Chris Sacca has been quoted as saying he goes right to Twitter and reads the last 50 tweets before he even considers taking a meeting. In our new VC algorithm, you can scrape and evaluate multiple social media streams for what founders have read, uploaded, integrated, and executed. Quality is great, but we are really looking for the quantity of entrepreneurial material comprehended.

2. Age of cellphone number and time of first daily phone call

The age of an entrepreneur’s cellphone number reveals so much: their relative stability, how old they are, whether their number was a jettisoned friends-and-family program or an imported landline number. We get the age of cellphone number through a process called cellphone underwriting, which reveals all of the above and more, and which is perfectly legal but secretive enough that I won’t reveal how it works. At the end of the day, we’re looking for entrepreneurs who are young, stable, middle class, and who have the support of family and friends networks — and the age of the cellphone number tells us all those things.

So, I take the approximate age of a founder’s cellphone number and then during due diligence, I get a stat: The average time of their first phone call in the day. If you and your entrepreneur team are making and taking calls at 6:30 a.m PT, you’re probably talking with people back East and there’s a 50-50 shot you’re making north of a million in revenues.

So revealing data like this, that we used to W.A.G. (wild ass guess), we can now find out by using our firm’s make-shift cellphone underwriting API, which hooks in with Verizon and AT&T – the two main carriers of the iPhone. (And by “makeshift API,” I mean have our associate do it manually.)

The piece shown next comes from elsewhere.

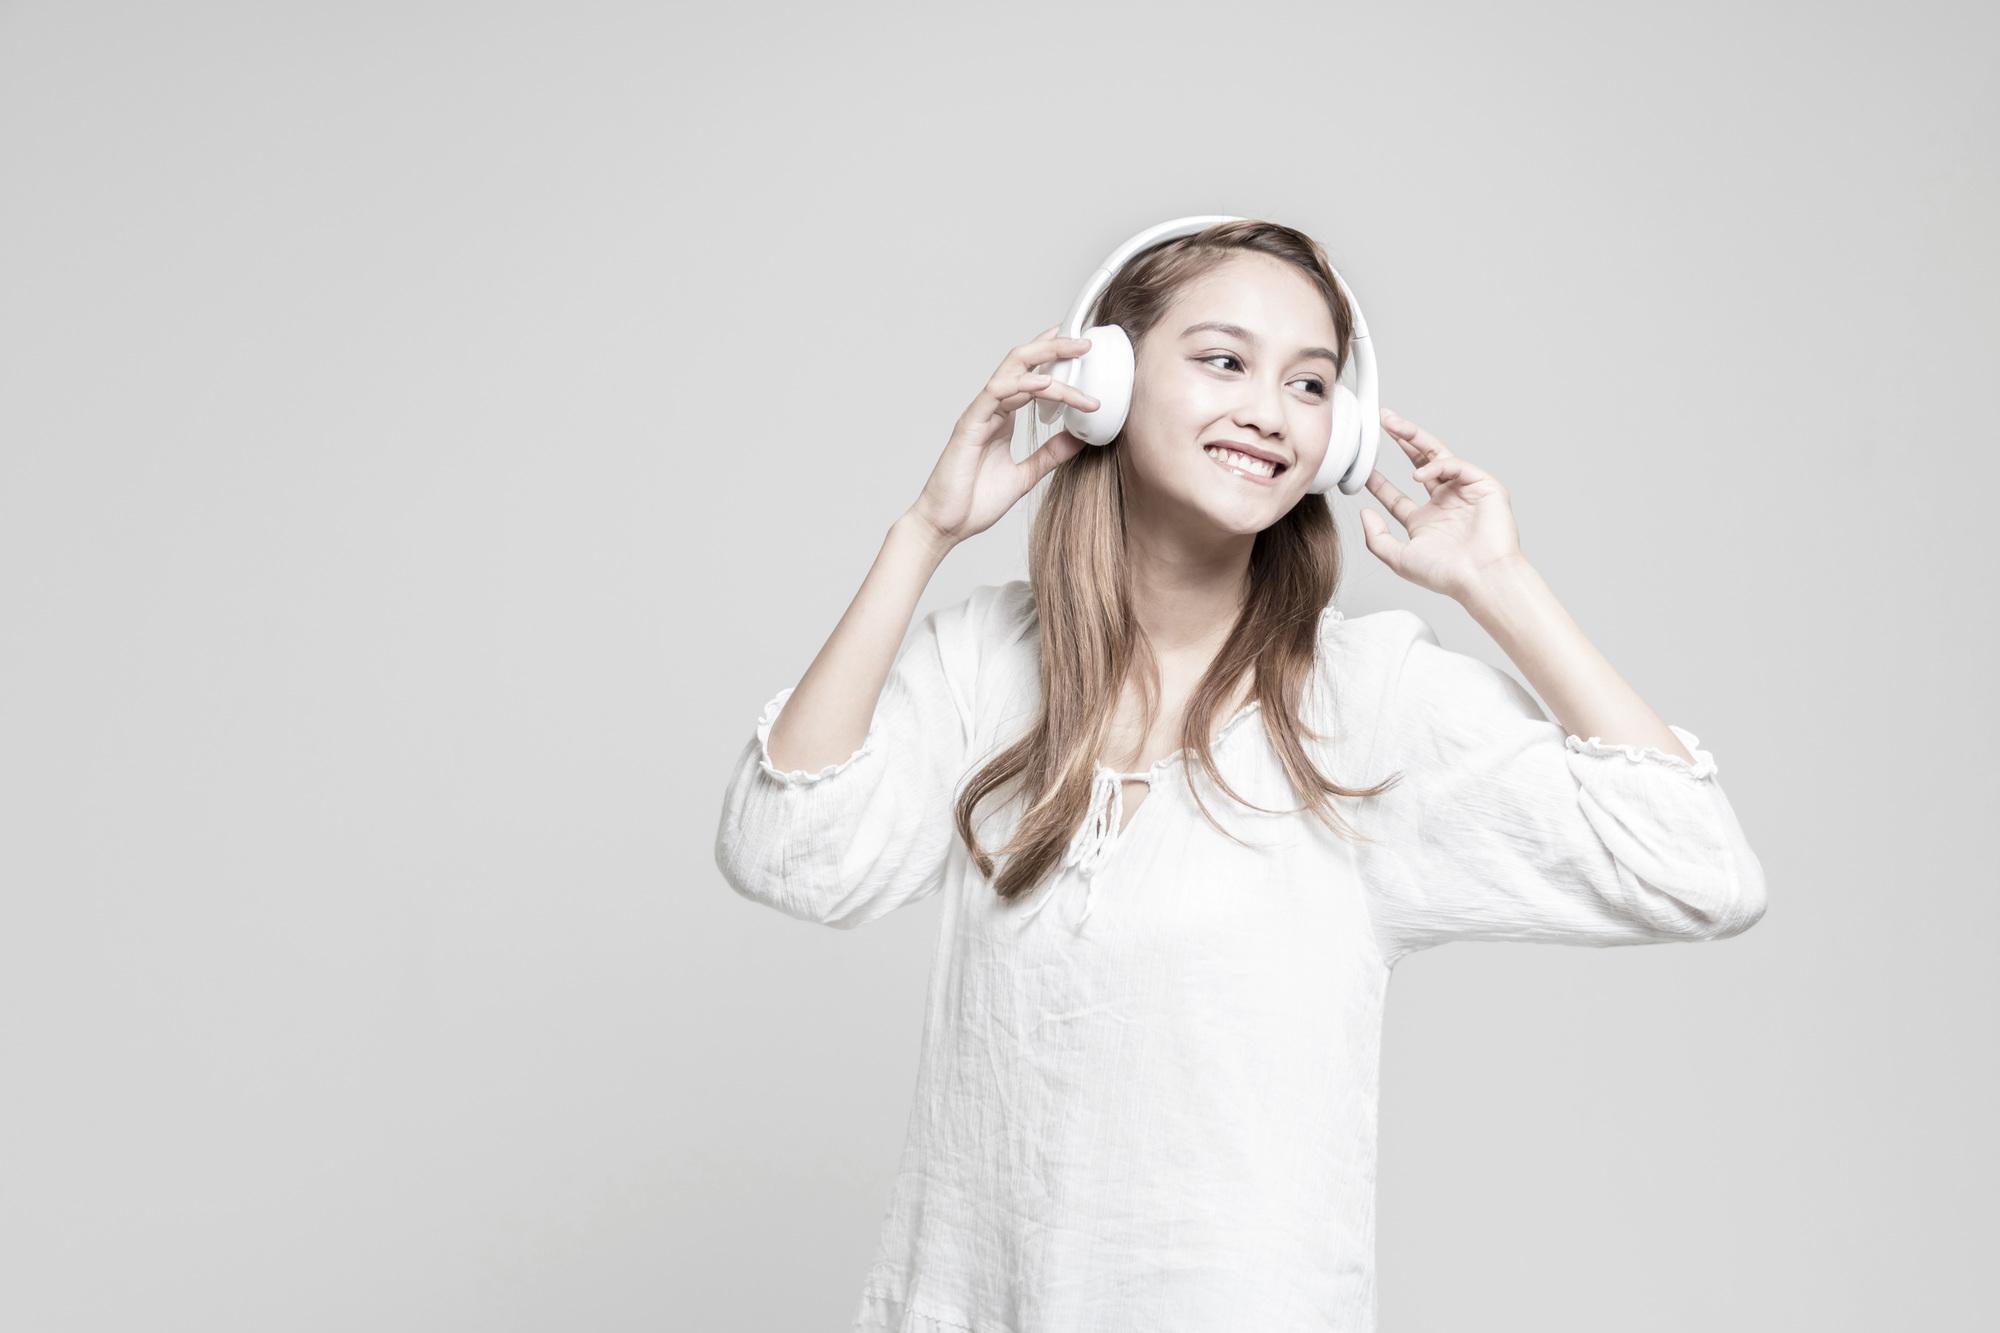 音質が悪いイヤホンの理由とは?音質の良いイヤホンも紹介【iPhone・Bluetooth対応】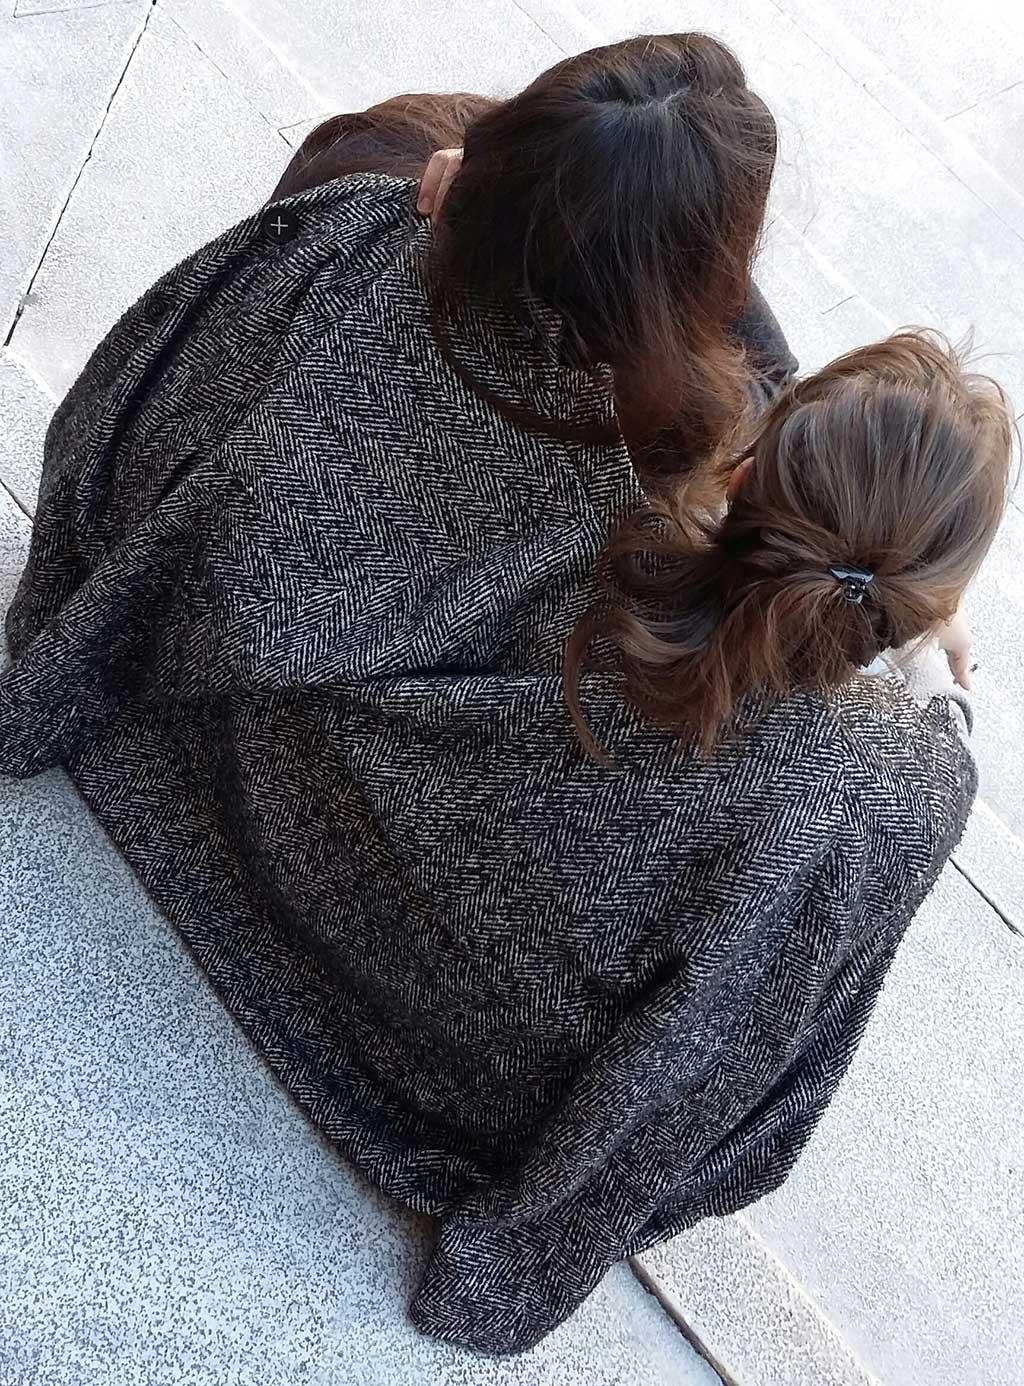 A Siamese Coat/Un cappotto siamese - Nik Boini

3. How Othman Laraki are they?

Othman Laraki is a tale that is told inside of the VC community. He sold something big to Twitter. He has degrees from both MIT and Stanford, but also has a ton of street smarts. As an example of his street smarts, he squatted in 2,000 square feet of office space at Stanford’s Engineering building. That duality of street smarts coupled with academic smarts is a critical component of my firm’s algorithm.

A fund that is now underwater used to troll for deals in the basement of the CS lab at Stanford without taking into consideration the street-smart component. They failed to realize that you can’t just replicate what other people already did super long ago — you have to innovate a quarter step. That team of VCs is now begging for LP money in the pay-for-play conference known as “Venture Alpha.” (Spoiler alert: They will not make it to their next fund.)

We don’t talk about the data inputs for this street-smart metric but as a hint: Augie Garrido once said, “Question authority but follow the rules.” We are looking for entrepreneurs who question the status quo and tip-toe the fine line, but still firmly understand rules and existing hierarchies.

4. Stanford University founder team formula

If you reverse engineer the biggest exits, you can see that the whales in every fund’s portfolio had two or three founders from Stanford, with an odd-ball founder from some other school tossed into the mix. YouNoodle released public data on this observation. Our algorithm does not say “just Stanford.” It does say two or three founders from a good school with at least one in the litter that is not exactly like the others – think Cal, NYU, CMU, Illinois or MIT in a pinch.

Recently, Mark Suster, blogged about the phenomenon of overly homogenous founder teams. He argues that if teams are too similar where “all founders even have the same phone,” the founders will likely follow versus lead.